Of theater, he said, "It’s an attempt to see, find and experience the ultimate purpose of life in a real life experience."

He said there is a beauty about the theater that is "deeply compelling," adding that there are very few occasions when people are "together in one place, united for one reason, agreeing to keep silence together in order to share in the experience.

"Theater reminds you of God," Father Cameron reflected. "To be human is to thirst for the infinite."

He said everything he does, from writing to preaching, is about "the fact that to be human is to be in relationship with the infinite.

"For many people, Jesus Christ is an abstraction," he observed, "but he is flesh and blood. Once people encounter him, they never want to be apart from him."

Born in Providence, R.I., Father Cameron was raised in Vernon with six siblings in a family that belonged to Sacred Heart and St. Bernard parishes. He went to high school at St. Thomas Seminary in Bloomfield.

"Of all my schools I attended, it was my favorite," he said.

"The priests were outstanding, real role models; and the teaching was unbelievably exceptional. I learned my love of Scripture through Father James Leary; my love for theater was generated there; Msgr. Charles Johnson was my Latin teacher, and I learned how to sing from Father Geoff Smith.

Father Smith speaks equally highly of his former student.

"Peter’s a wonderful person and remarkably versatile with a wonderful musical and dramatic sense," recalled Father Smith, who has been a chaplain at Yale-New Haven Hospital for the past 16 years. "I’m so glad that in his priesthood he’s able to really express in such an articulate and beautiful way what he thinks about our faith and the Lord," he noted. "He’s really been encouraged to use his real, authentic talents in the service of the Church."

Father Cameron went on to the Dominicans’ Providence College, where he earned a degree with a double major in theater arts and humanities. Completing theological studies for ordination at the Dominican House of Studies in Washington, D.C., he also received a master’s degree from The Catholic University of America, where he studied playwriting.

Father Cameron also was a reporter for the National Catholic Register. His writing took a leap forward when Pierre-Marie Dumont, a French layman, tapped him to be the editor of the United States edition of the highly acclaimed Magnificat when it was launched in December 1998.

The monthly worship aid boasts a United States circulation of 230,000. After giving a retreat in Poland on preaching last month, Father Cameron flew to London to take part in discussions about the soon-to-be started edition for the United Kingdom.

Besides his current book on the Blessed Virgin, he has written books about the Sunday Gospels, the Eucharist and preaching.

Father Cameron will talk about and sign his most recent book from 6-8 p.m. Sept. 30 at the Catholic Book Store, located at the Archdiocesan Center at St. Thomas Seminary in Bloomfield. A story about Father Cameron’s most recent book appears on this Web site under the Arts and Media tab.

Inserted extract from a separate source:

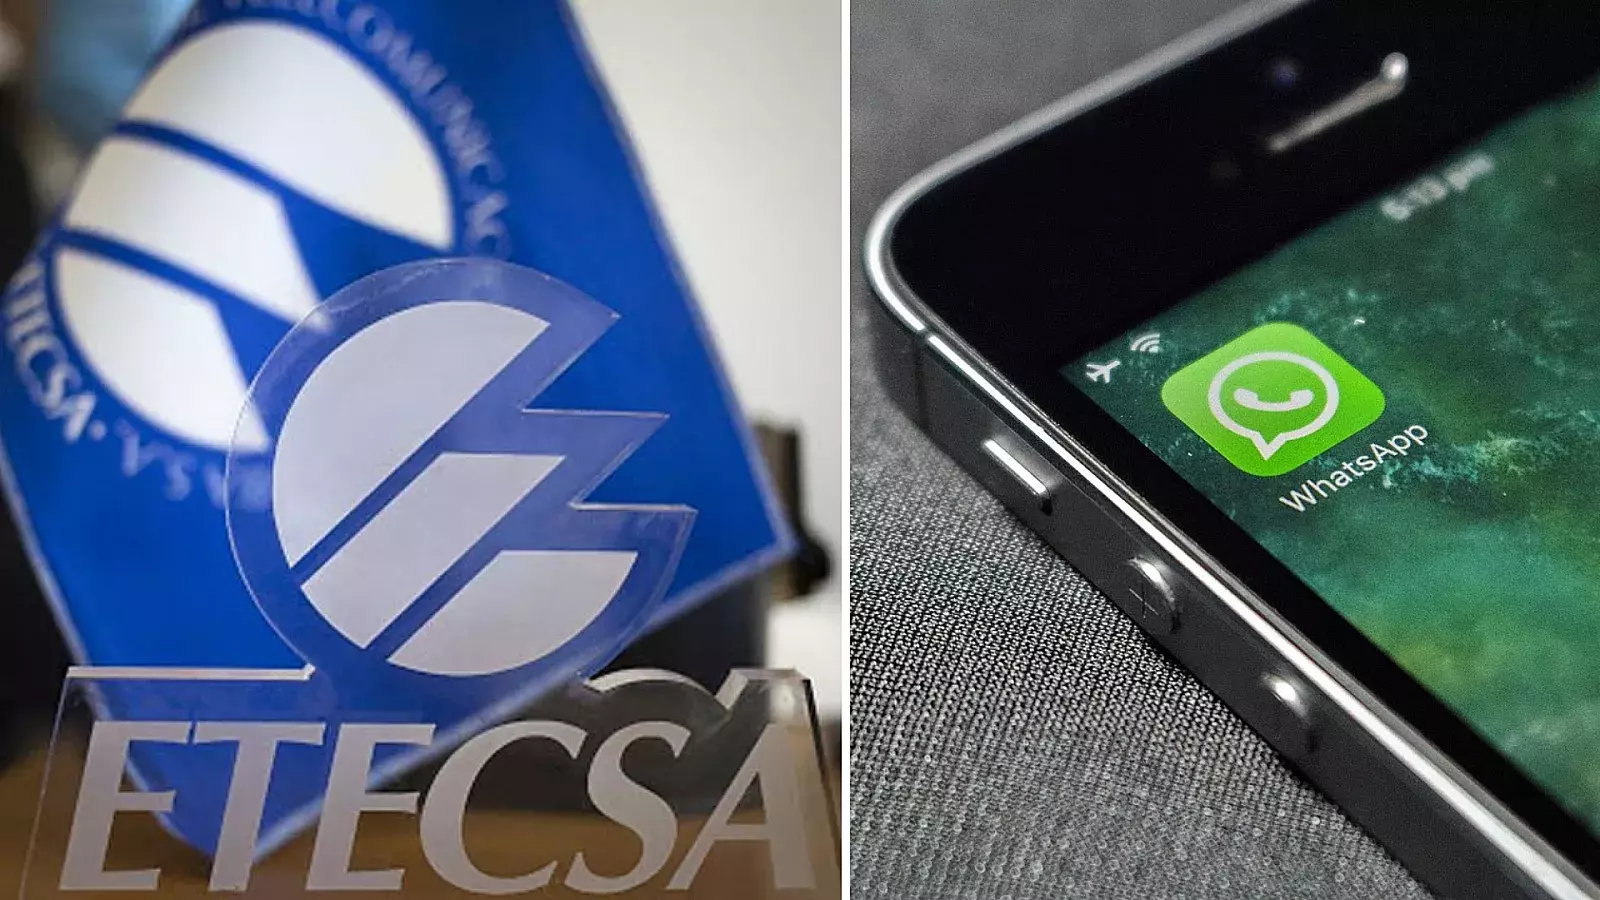 Etecsa ofrece WhatsApp gratis durante un mes
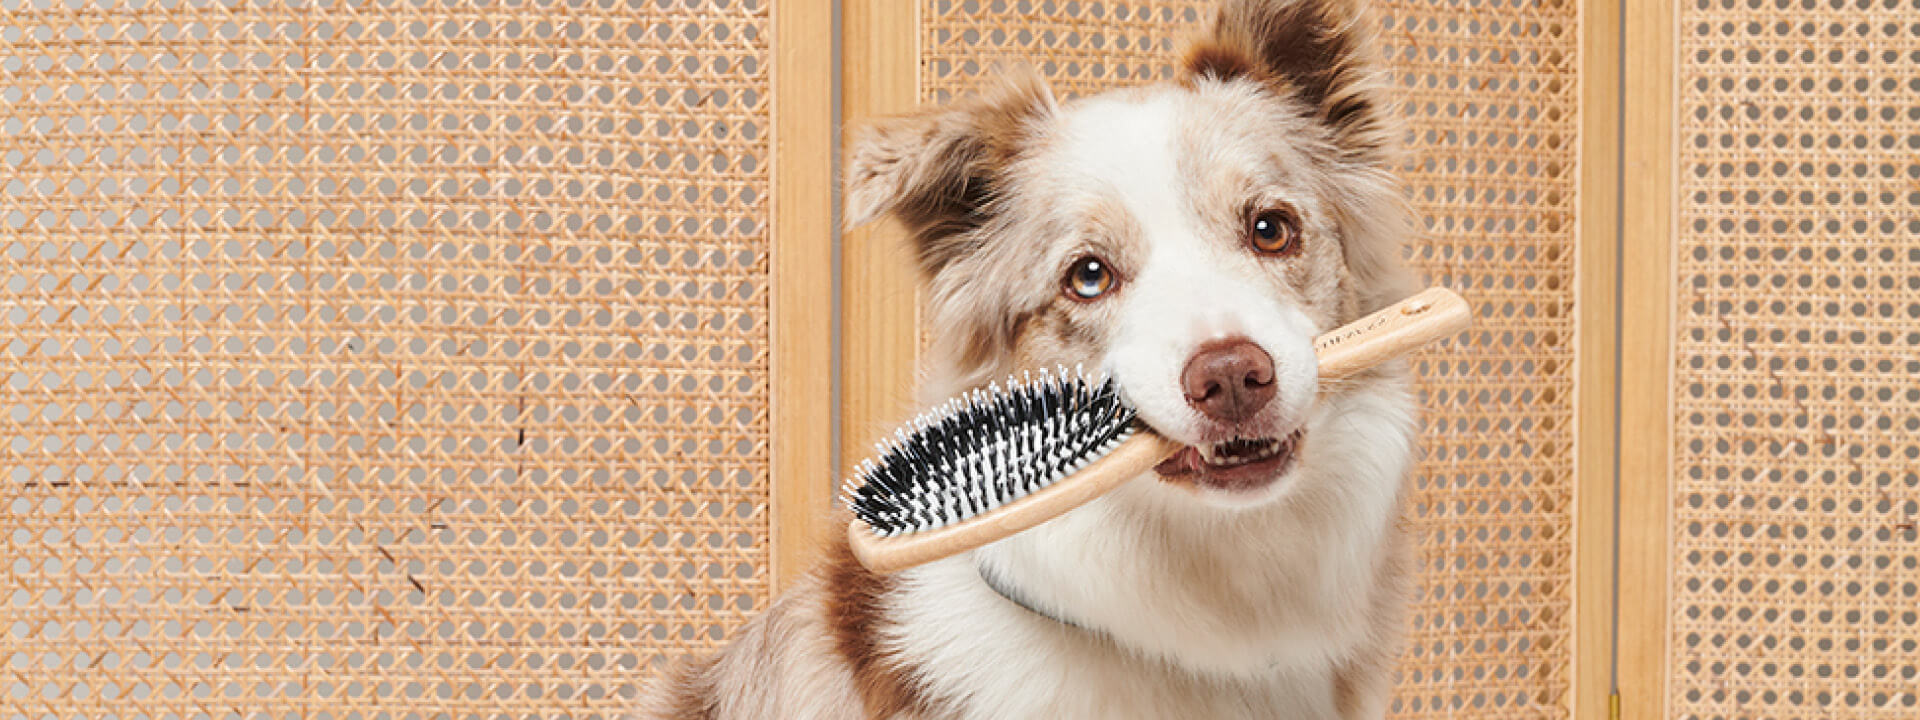 Dog brushes

Father Cameron’s spirituality has been shaped in recent years by the writings of Father Luigi Giussani, founder of the Communion and Liberation Movement, which drew him "because my heart was looking for something and I wasn’t finding it until I found the movement. It gave me a new and deeper appreciation for my faith and many wonderful friendships."

From that movement, he came to see that "the heart is a place of decision, of being in encounter with God. It is the facility by which people discover the meaning of life," said Father Cameron.

He also said that the heart is objective. For example, he said, most people "look to the universal human experience for happiness, which brings disappointment. They think, ‘I expected better,’ because their heart told them that there is a greater satisfaction."

But to paraphrase St. Augustine, the heart "won’t rest until it gets it," he said. "And for us, that answer is God … it’s Christ."